Monday, April 28, 2008

Day 117-Wheres Waldo?


Wheres Waldo?

Lets see. Waldo has been lost for about a week. Omg do you guys hate me? I am so sorry for leaving all 4 of my stalkerazzi's out there to try and find their daily fix of crazy somewhere else. Hopefully you all still love me and can forgive a sistah whos been swamped, puking, cleaning up puke, swamped and cleaning up more puke. Did you know your dogs can get the flu? Um, yeah, so not pretty. I think I've learned what its like to live in hell.

Okay so heres the rundown for a few things that have been going down the last week or so.
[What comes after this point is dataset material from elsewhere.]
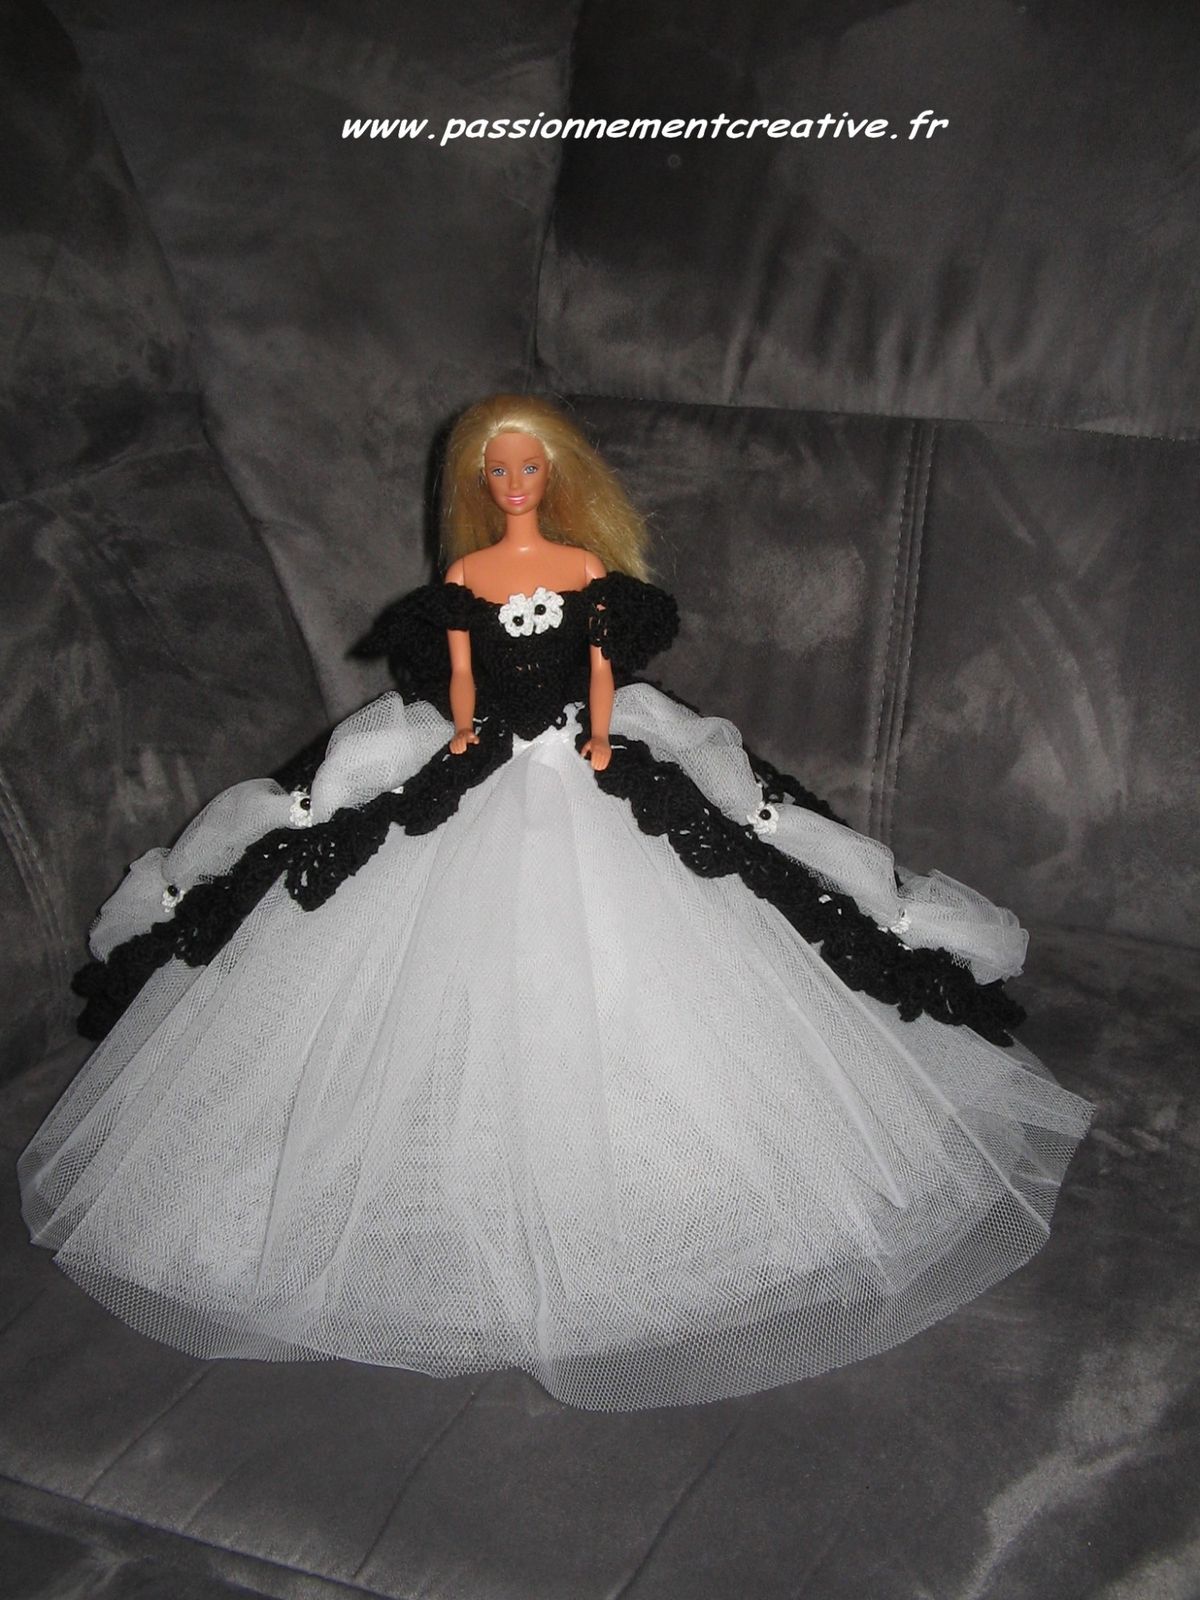 Tutoriel Barbie - Barbie Princesse Noire 2014 - Passionnement Créative

I went on a field trip with Cheeky. This is the new name I'm gonna use to refer to my 8 year old. We learned about where our steak comes from. Yes, the farmer actually pointed to specific parts of the steer that was standing eating in front of us and correlated it to what goes on the plate. The kids were crying and gagging. I was slobbering all over myself. Hey, I love rare steak. Just wipe its ass and throw it on a plate. If its still moo'ing then pass me a gag ball.

We learned about bugs we can find in the water. Yeah, I'm not swimming in the river anytime soon. Oh, and my favorite part of the ENTIRE trip was when I learned how to identify a hickory nut by the hottest forester worker I have ever seen. I have a new love for all things wood.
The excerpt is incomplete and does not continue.